#### Given information ####

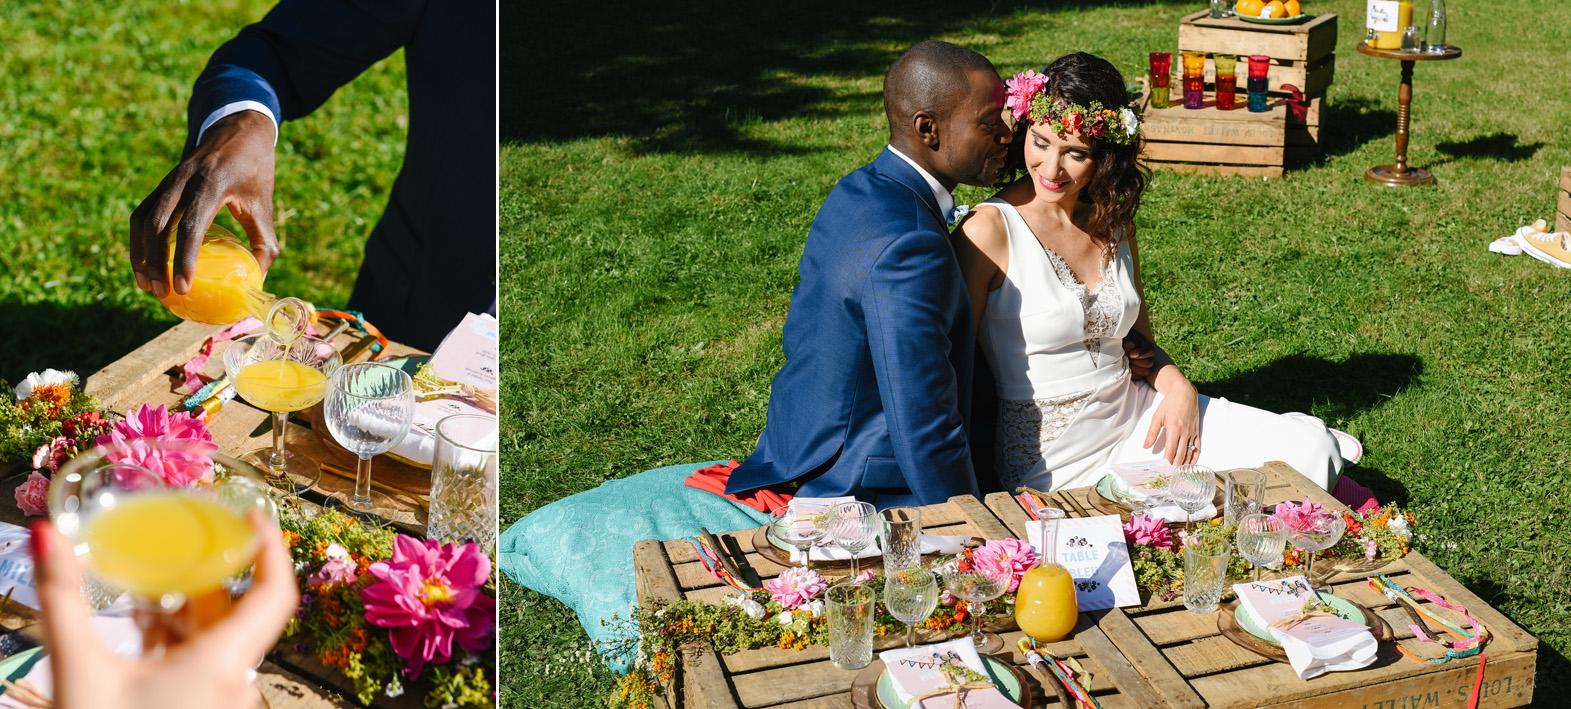 shooting_inspiration_mariage_peps_wedding_95_photographe_clemence_dubois-mep13
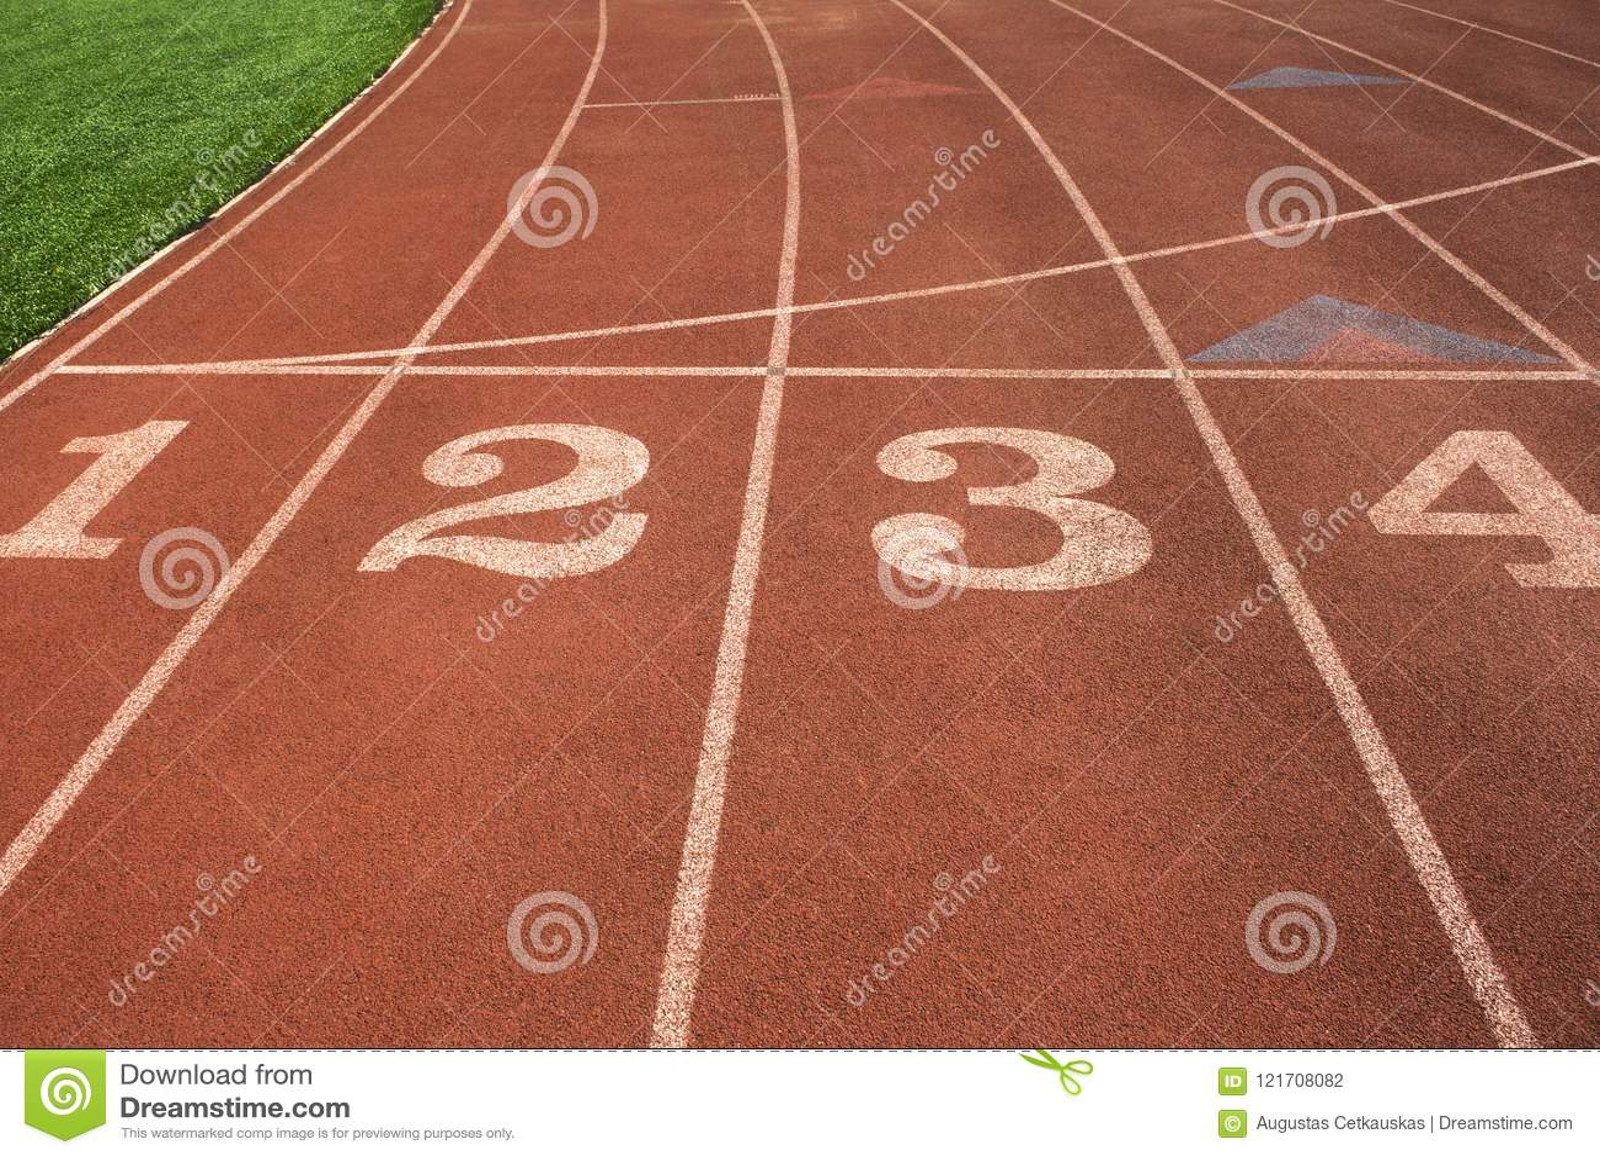 Rubber standard of athletics stadium running track
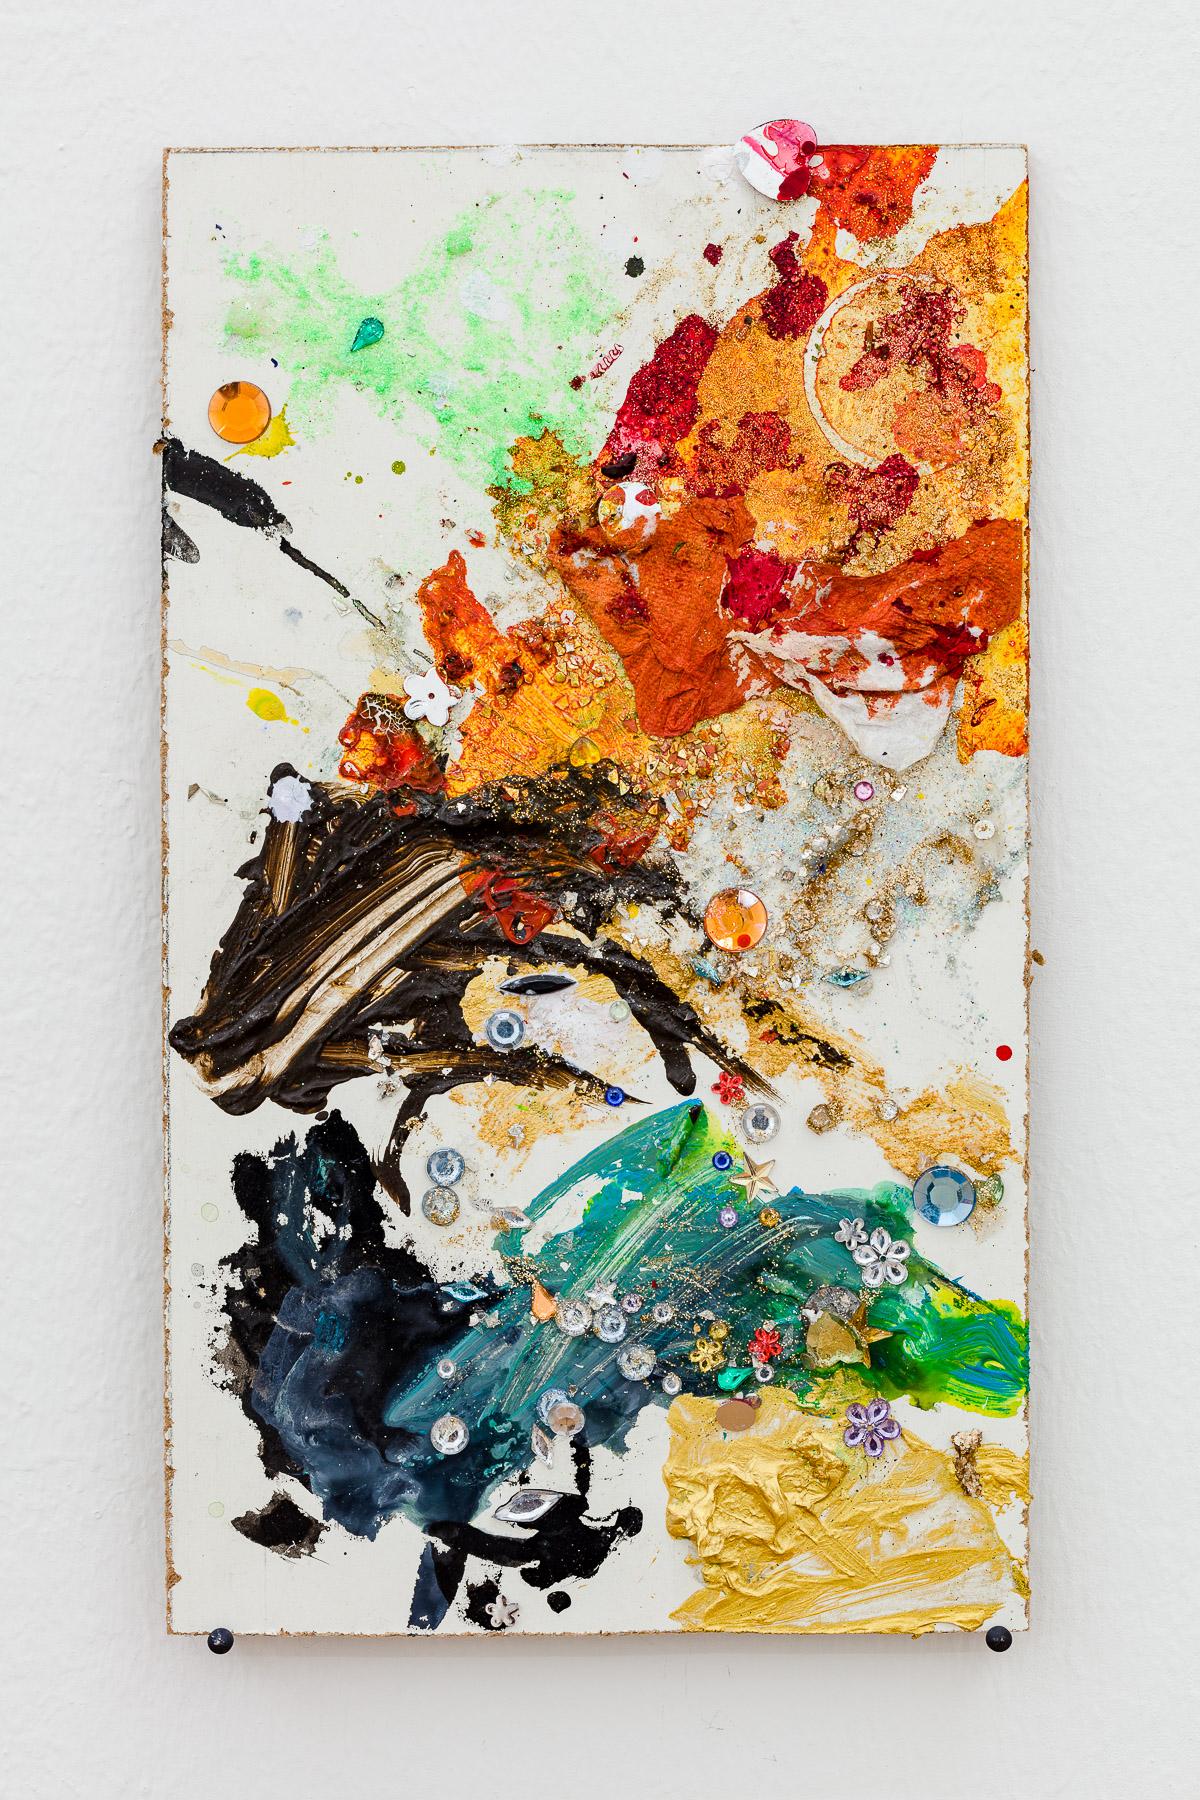 2019_05_20_Elke-Krystufek_Croy-Nielsen_by-kunst-dokumentation-com_020_web.jpg
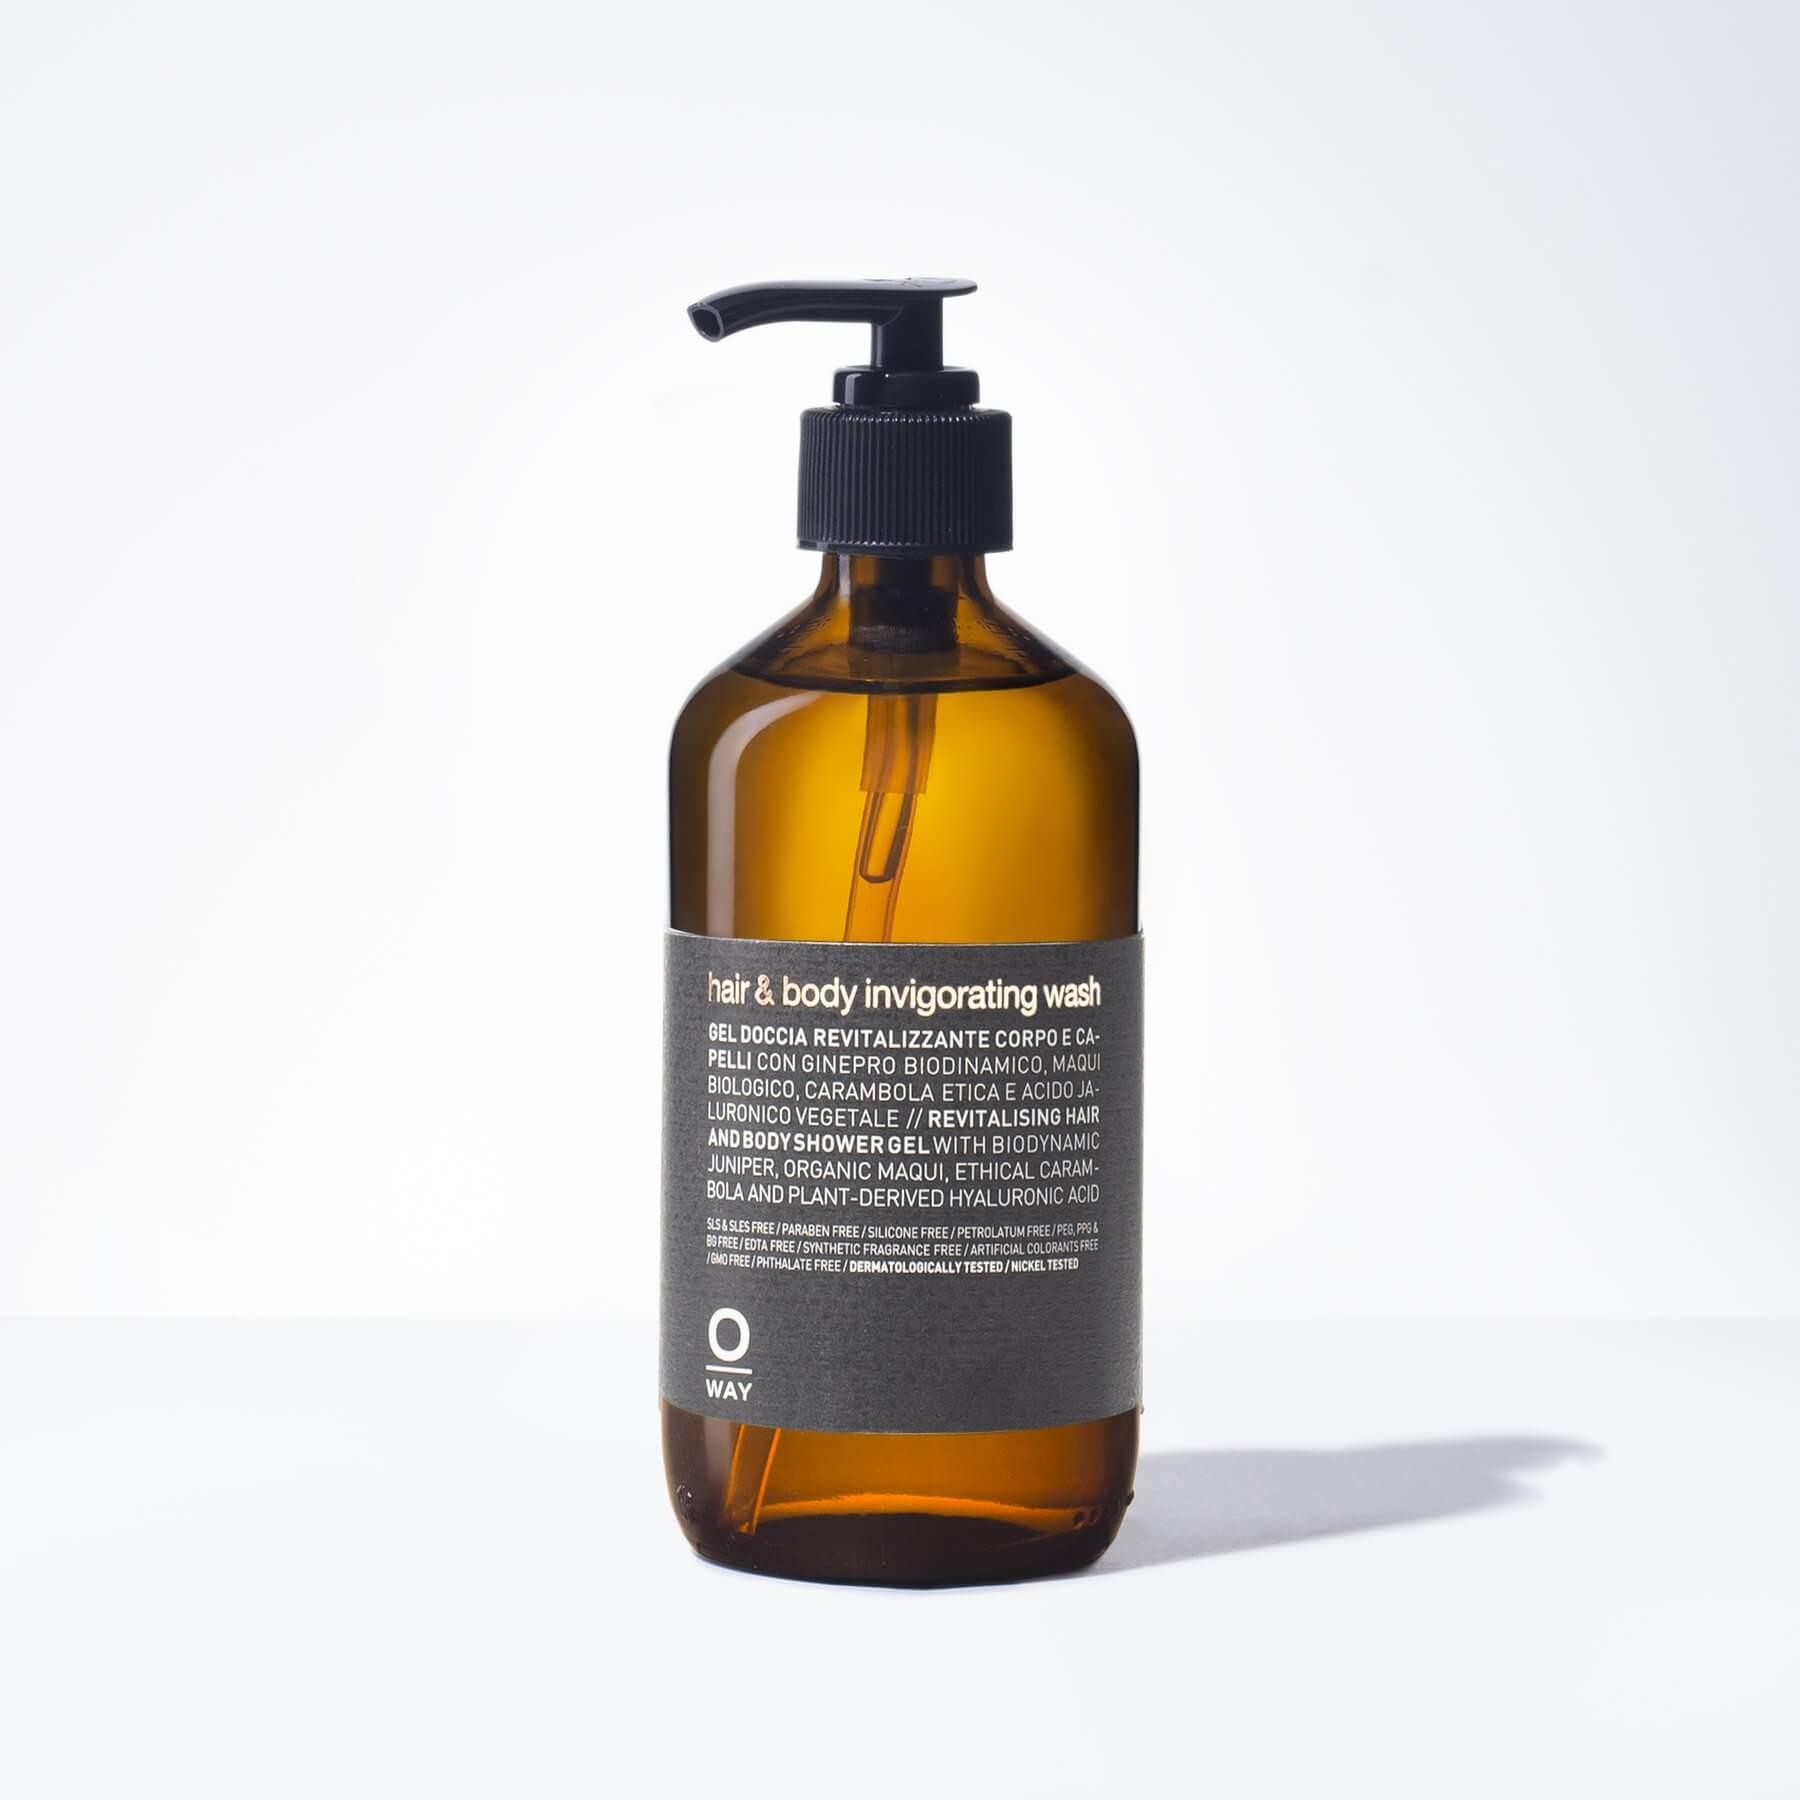 Oway_Hair_Body_Invigorating_Wash_1800x1800

####

== Task directions ==
What is needed is the full material, retyped unchanged, with no pictures in it.

== Answer to this problem ==
 shooting_inspiration_mariage_peps_wedding_95_photographe_clemence_dubois-mep13
 Rubber standard of athletics stadium running track
 2019_05_20_Elke-Krystufek_Croy-Nielsen_by-kunst-dokumentation-com_020_web.jpg
 Oway_Hair_Body_Invigorating_Wash_1800x1800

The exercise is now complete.